Let's start by placing point \( A \) at the origin \((0, 0)\) and point \( B \) at \((1, 0)\) in the coordinate plane. We will rotate point \( A \) counterclockwise around point \( B \) by an angle \(\theta\) to get point \( A' \). The coordinates of \( A' \) after this rotation can be expressed as:
\[
A' = (1 + \cos \theta, \sin \theta)
\]

Next, we rotate point \( B \) clockwise around point \( A' \) by the same angle \(\theta\) to get point \( B' \). To find the coordinates of \( B' \), we first need the vector from \( A' \) to \( B \), which is:
\[
(1, 0) - (1 + \cos \theta, \sin \theta) = (-\cos \theta, -\sin \theta)
\]

Rotating this vector by \(-\theta\) (clockwise) around \( A' \), we use the rotation matrix:
\[
\begin{pmatrix}
\cos \theta & \sin \theta \\
-\sin \theta & \cos \theta
\end{pmatrix}
\]
Multiplying this matrix by the vector \((- \cos \theta, - \sin \theta)\), we get:
\[
\begin{pmatrix}
\cos \theta & \sin \theta \\
-\sin \theta & \cos \theta
\end{pmatrix}
\begin{pmatrix}
-\cos \theta \\
-\sin \theta
\end{pmatrix}
=
\begin{pmatrix}
-\cos^2 \theta - \sin^2 \theta \\
\cos \theta \sin \theta + \sin \theta \cos \theta
\end{pmatrix}
=
\begin{pmatrix}
-1 \\
0
\end{pmatrix}
\]

Adding this result to the coordinates of \( A' \), we get the coordinates of \( B' \):
\[
B' = (1 + \cos \theta, \sin \theta) + (-1, 0) = (\cos \theta, \sin \theta)
\]

We are given that the distance \( AB' = \frac{4}{3} \).

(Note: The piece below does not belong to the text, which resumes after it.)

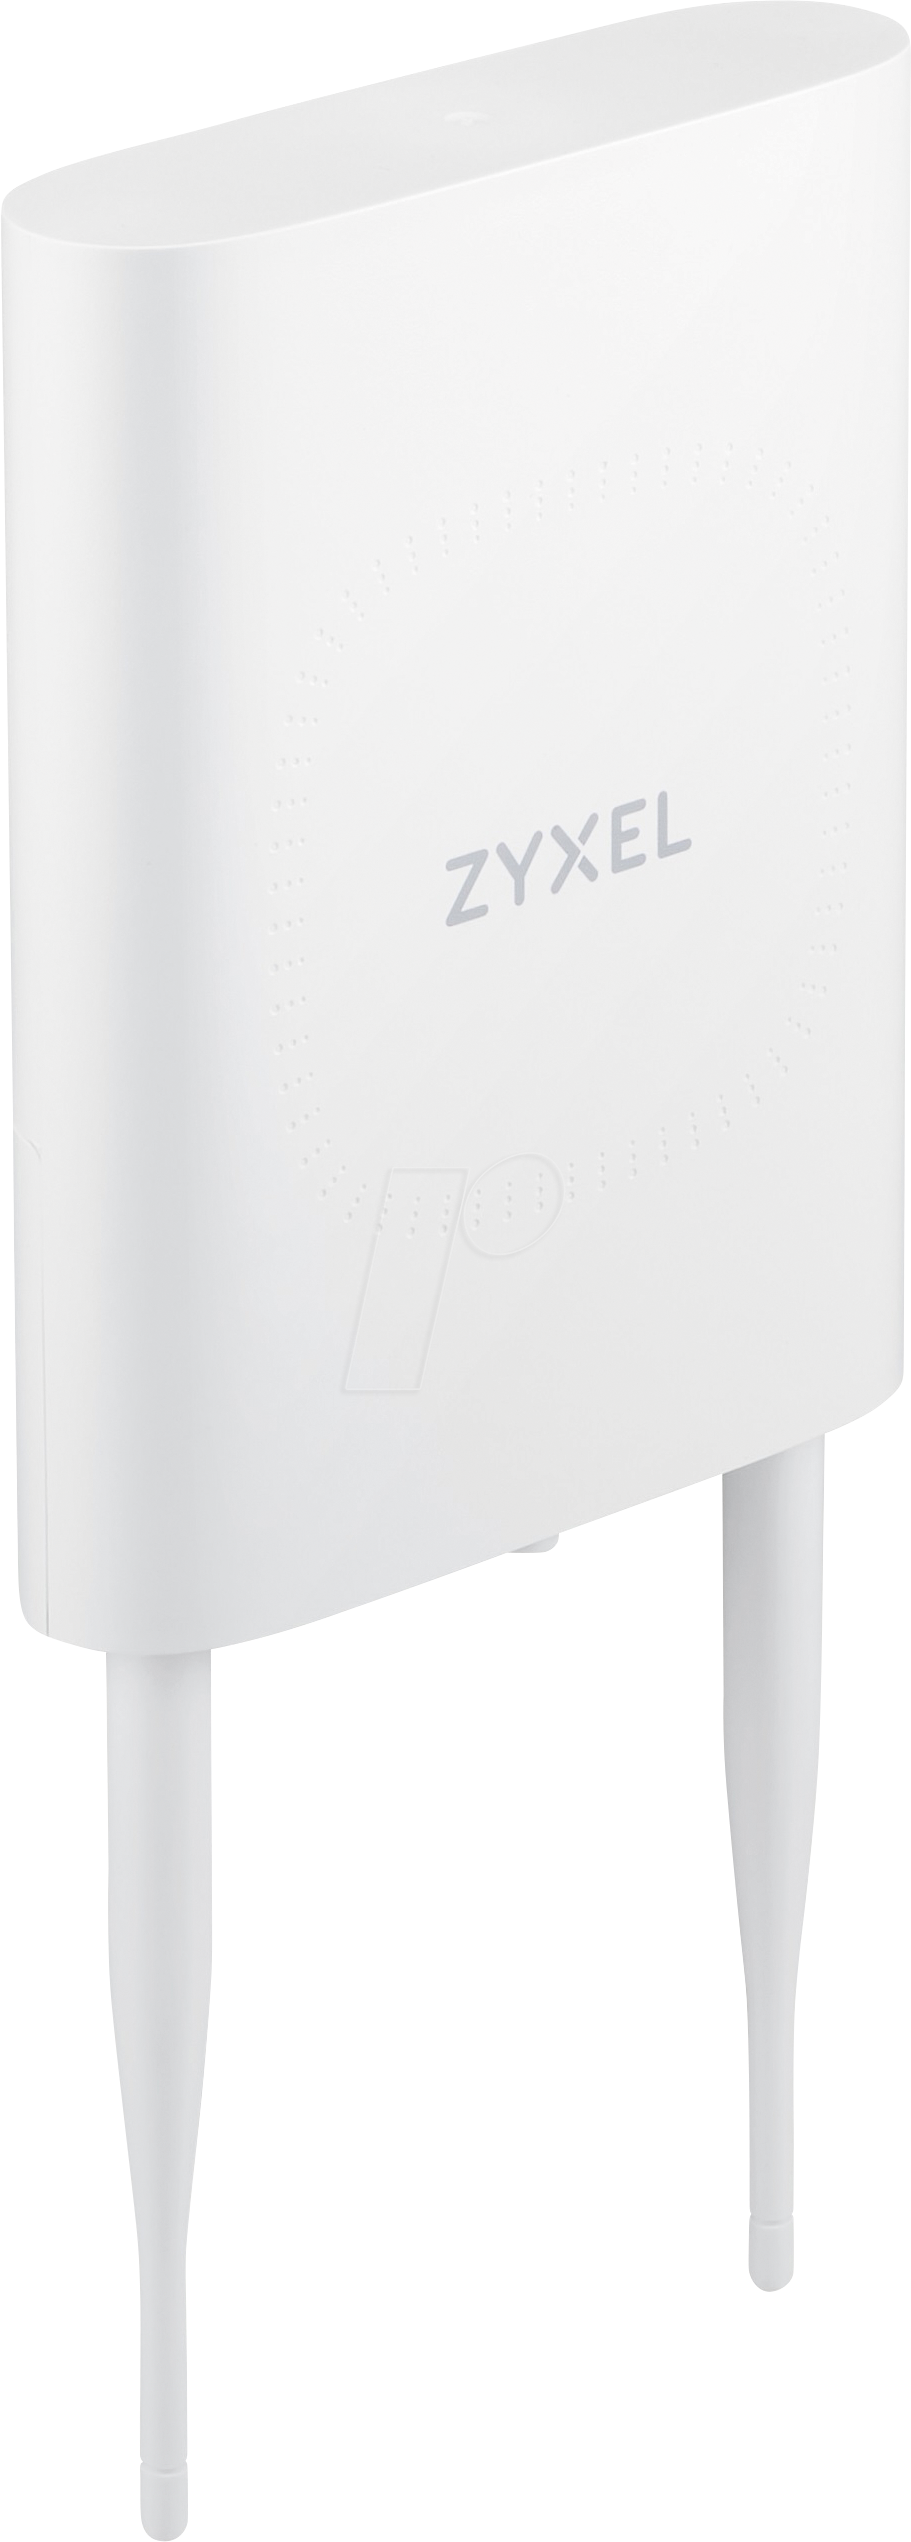 ZYXEL NWA55AXE - WLAN Access Point 2.4/5 GHz 1775 MBit/s von Zyxel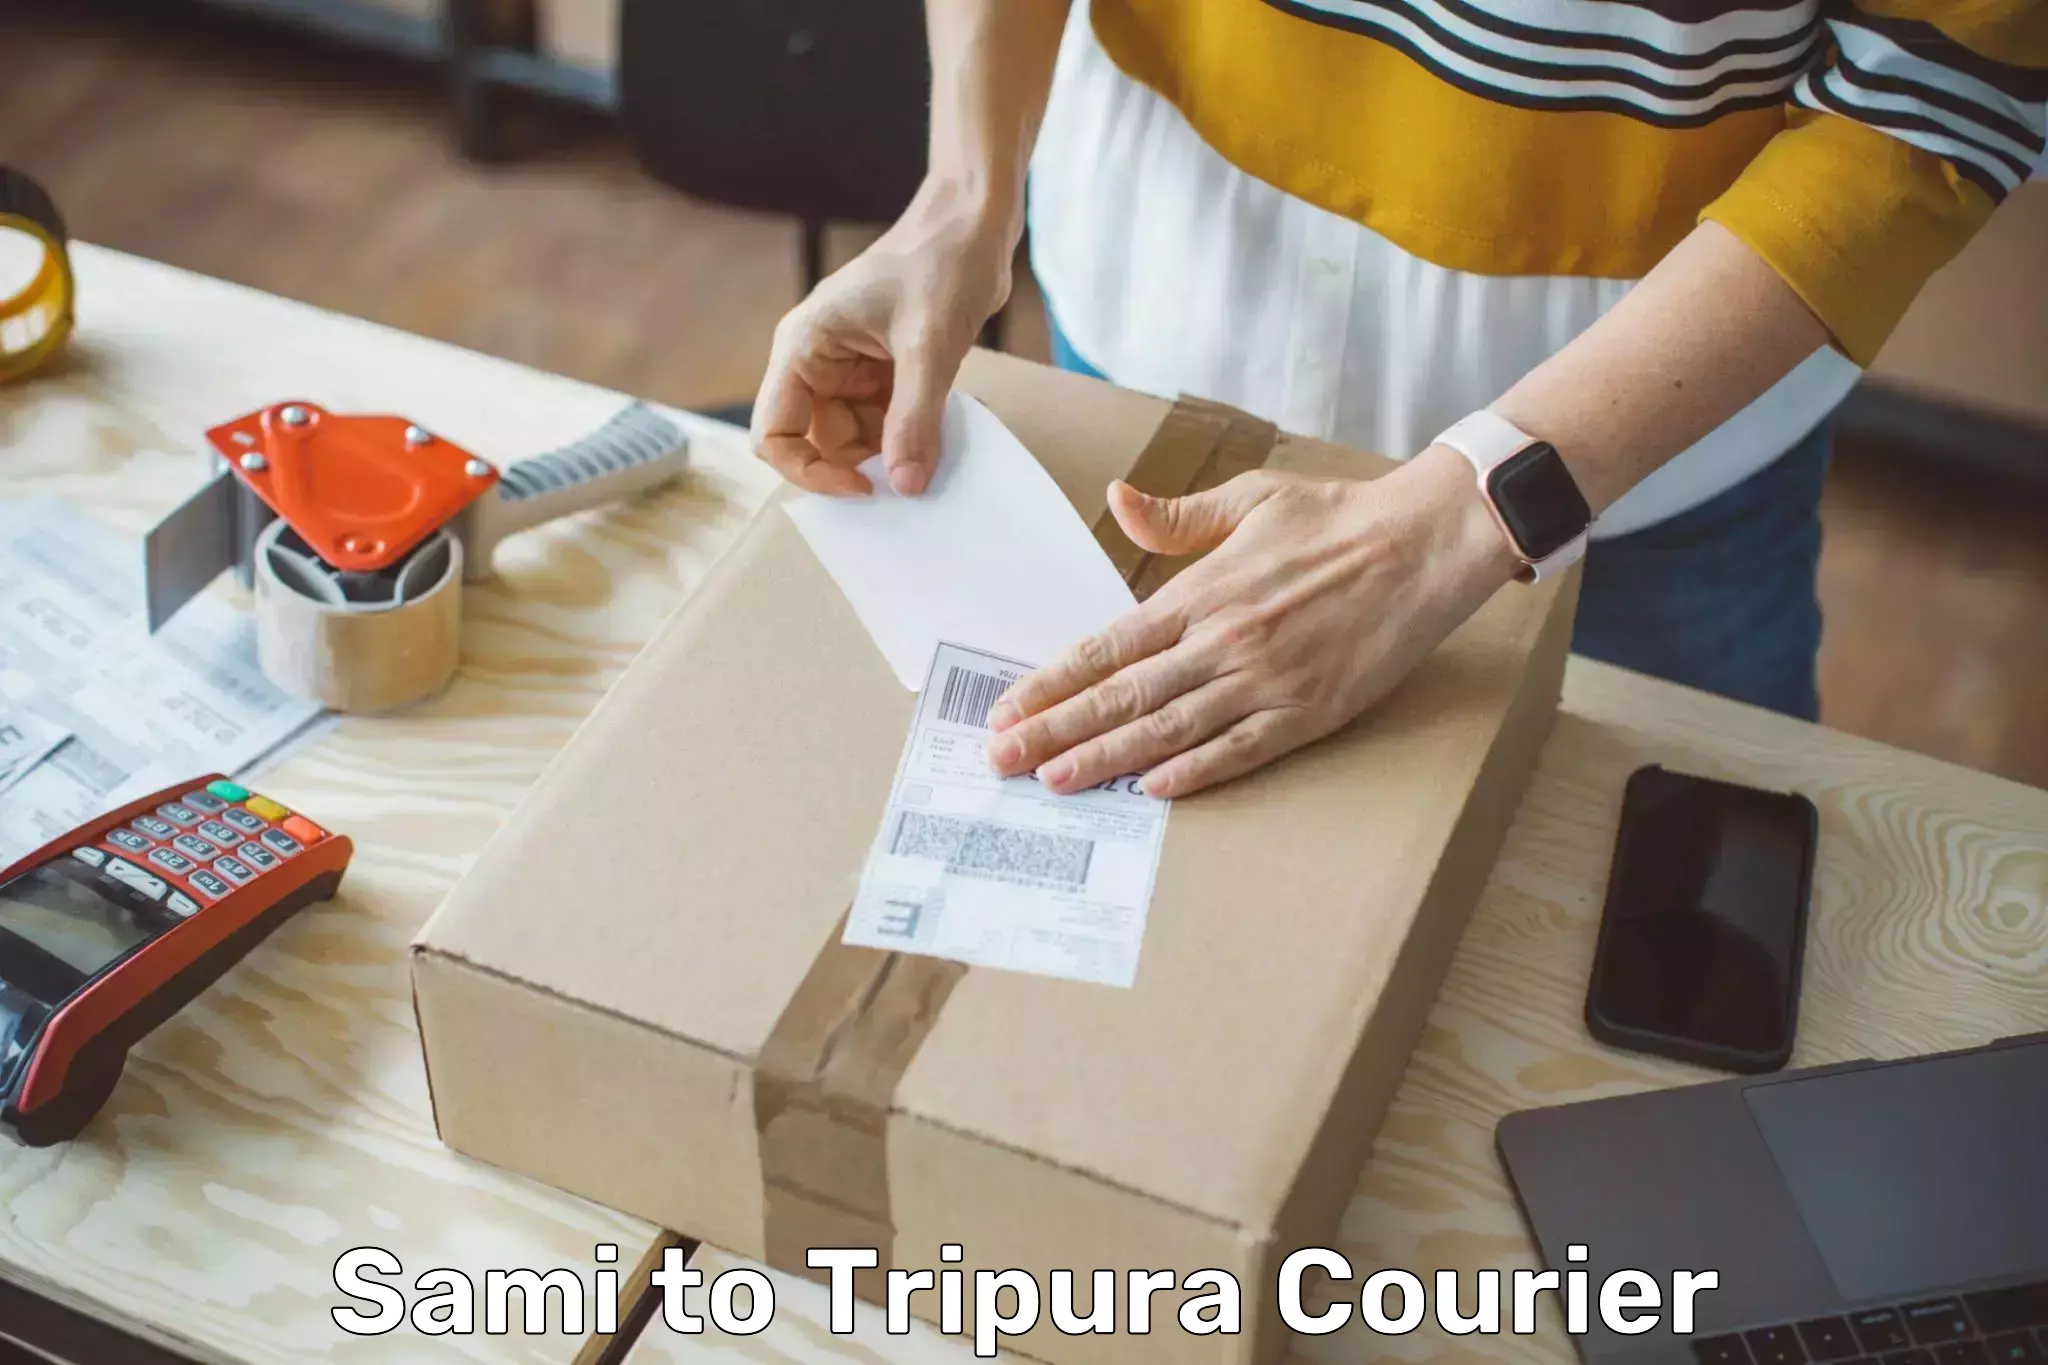 Logistics service provider Sami to Tripura

Therefore, we need to calculate the distance between \( A \) and \( B' \):
\[
AB' = \sqrt{(\cos \theta - 0)^2 + (\sin \theta - 0)^2} = \sqrt{\cos^2 \theta + \sin^2 \theta} = \sqrt{1} = 1
\]

However, we need to account for the fact that \( AB' = \frac{4}{3} \). This suggests that there might be an error in our calculation. Let's re-evaluate the rotation step carefully.

Revisiting the rotation step, we should correctly apply the rotation matrix to the vector \((- \cos \theta, - \sin \theta)\):
\[
\begin{pmatrix}
\cos \theta & \sin \theta \\
-\sin \theta & \cos \theta
\end{pmatrix}
\begin{pmatrix}
-\cos \theta \\
-\sin \theta
\end{pmatrix}
=
\begin{pmatrix}
-\cos^2 \theta - \sin^2 \theta \\
\cos \theta \sin \theta - \sin \theta \cos \theta
\end{pmatrix}
=
\begin{pmatrix}
-1 \\
0
\end{pmatrix}
\]

Adding this result to the coordinates of \( A' \), we get:
\[
B' = (1 + \cos \theta, \sin \theta) + (-1, 0) = (\cos \theta, \sin \theta)
\]

We need to correctly calculate the distance \( AB' \):
\[
AB' = \sqrt{(\cos \theta - 0)^2 + (\sin \theta - 0)^2} = \sqrt{\cos^2 \theta + \sin^2 \theta} = \sqrt{1} = 1
\]

We need to correctly account for the given distance \( AB' = \frac{4}{3} \). Let's re-evaluate the rotation step carefully.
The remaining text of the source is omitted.